Question

A boy is carrying a suitcase of $3kg$ mass on his back and moves $200m$ on a levelled road. If the value of $g$ be $10m{{s}^{-2}}$, the work done by the boy against the gravitational force will be:
$\begin{aligned} & A)6000J \\\ & B)0J \\\ & C)120J \\\ & D)800J \\\ \end{aligned}$

Answer 1

In Physics, work done on an object is dependent on the force applied on the object as well as the displacement caused on that object. For an object moving at a certain height from the earth’s surface on a levelled road, the vertical displacement caused due to the gravitational force on the object is equal to zero.

Formula used:
$W=Fs\cos \theta =mgh$

Complete answer:
Work is defined as the product of force and displacement. It is a vector quantity and has both magnitude as well as direction. When displacement caused is along the direction of the force applied, positive work is said to be done. On the other hand, when displacement caused is in the opposite direction of the applied force, negative work is said to be done. Mathematically, work is given by
$W=Fs\cos \theta$
where
$W$ is the work done on an object
$F$ is the force applied on the object
$s$ is the displacement caused due to the force
$\theta$ is the angle between the direction of force and the direction of displacement
Let this be equation 1.
When an object is held at a definite height from the surface of the earth, gravitational force acts on the object. When the object is released, this force causes a vertical displacement equal to the height of the object. Since gravitational force and vertical displacement in this case are in the same direction, work done by gravitational force is equal to the product of weight of the object and the height at which the object was held from the surface of the earth. This is given by
$W=mgh$
where
$W$ is the work done on an object by the gravitational force
$m$ is the mass of the object
$g$ is the acceleration due to gravity
$h$ is the vertical displacement or the height of the object
Let this be equation 2.
Coming to our question, we are told that a boy is carrying a suitcase of $3kg$ mass on his back and is moving a distance of $200m$ on a levelled road. If the value of $g$ be $10m{{s}^{-2}}$, we are required to determine the work done by the boy against the gravitational force.
Work done by the boy against the gravitational force is equal to the work done on the boy or the suitcase by the gravitational force.
Now, when the boy is moving, the magnitude of gravitational force on the suitcase is equal to the weight of the suitcase and the magnitude of vertical displacement is equal to zero, because he is walking on a levelled road. Using equation 2, work done on the suitcase by the gravitational force is equal to the product of weight of the suitcase and the vertical displacement. This is given by
$W=mgh=3kg\times 10m{{s}^{-2}}\times (0m)=0J$
Clearly, work done on the boy or the suitcase by the gravitational force is equal to $0J$. Therefore, the work done by the boy against the gravitational force is also equal to $0J$.

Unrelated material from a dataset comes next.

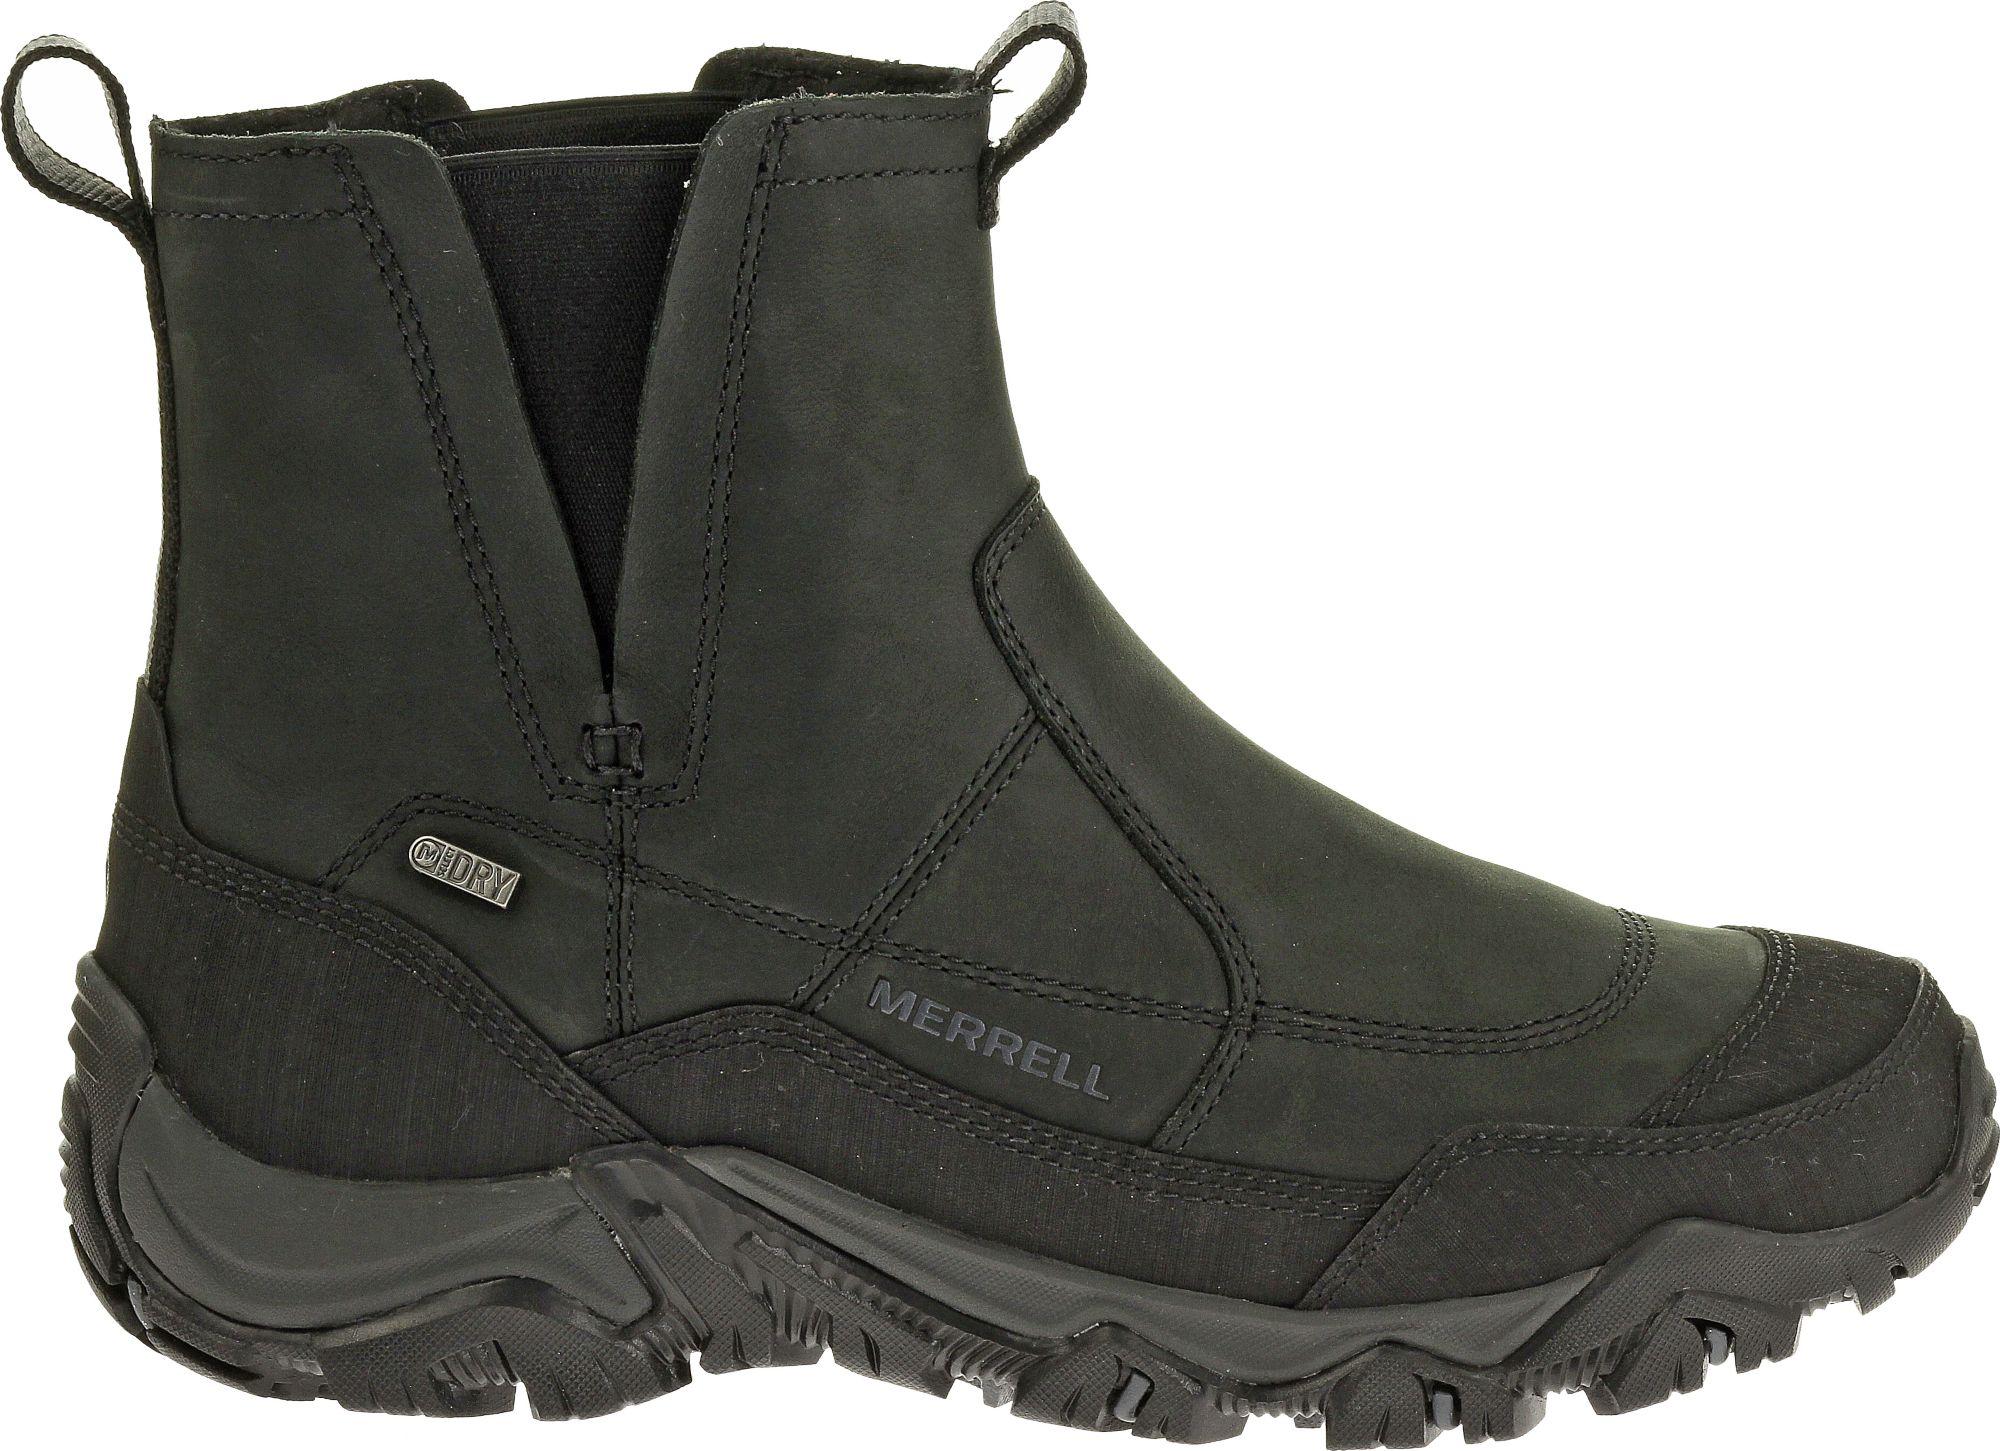 Merrell Men's Winter Boots | DICK'S Sporting Goods

The correct option to be marked is $B$.

Note:
Students need to understand that both equation 1 and equation 2 are equal. For an object released from a certain height from the earth’s surface, work done by the gravitational force is given by
$W=Fs\cos \theta =(mg)h\cos (0)=mgh$
where
$W$ is the work done on the object by the gravitational force
$F=mg$, is the product of mass and acceleration, which is nothing but weight of the object
$s=h$, is the vertical displacement or height of the object
$\theta =0{}^\circ$ is the angle between force and vertical displacement of the object
Therefore, equation 1 can also be used to solve the given problem. Here, the direction of displacement is perpendicular to the direction of force and hence, the work done turns out to be zero because
$\cos \theta =\cos 90{}^\circ =0$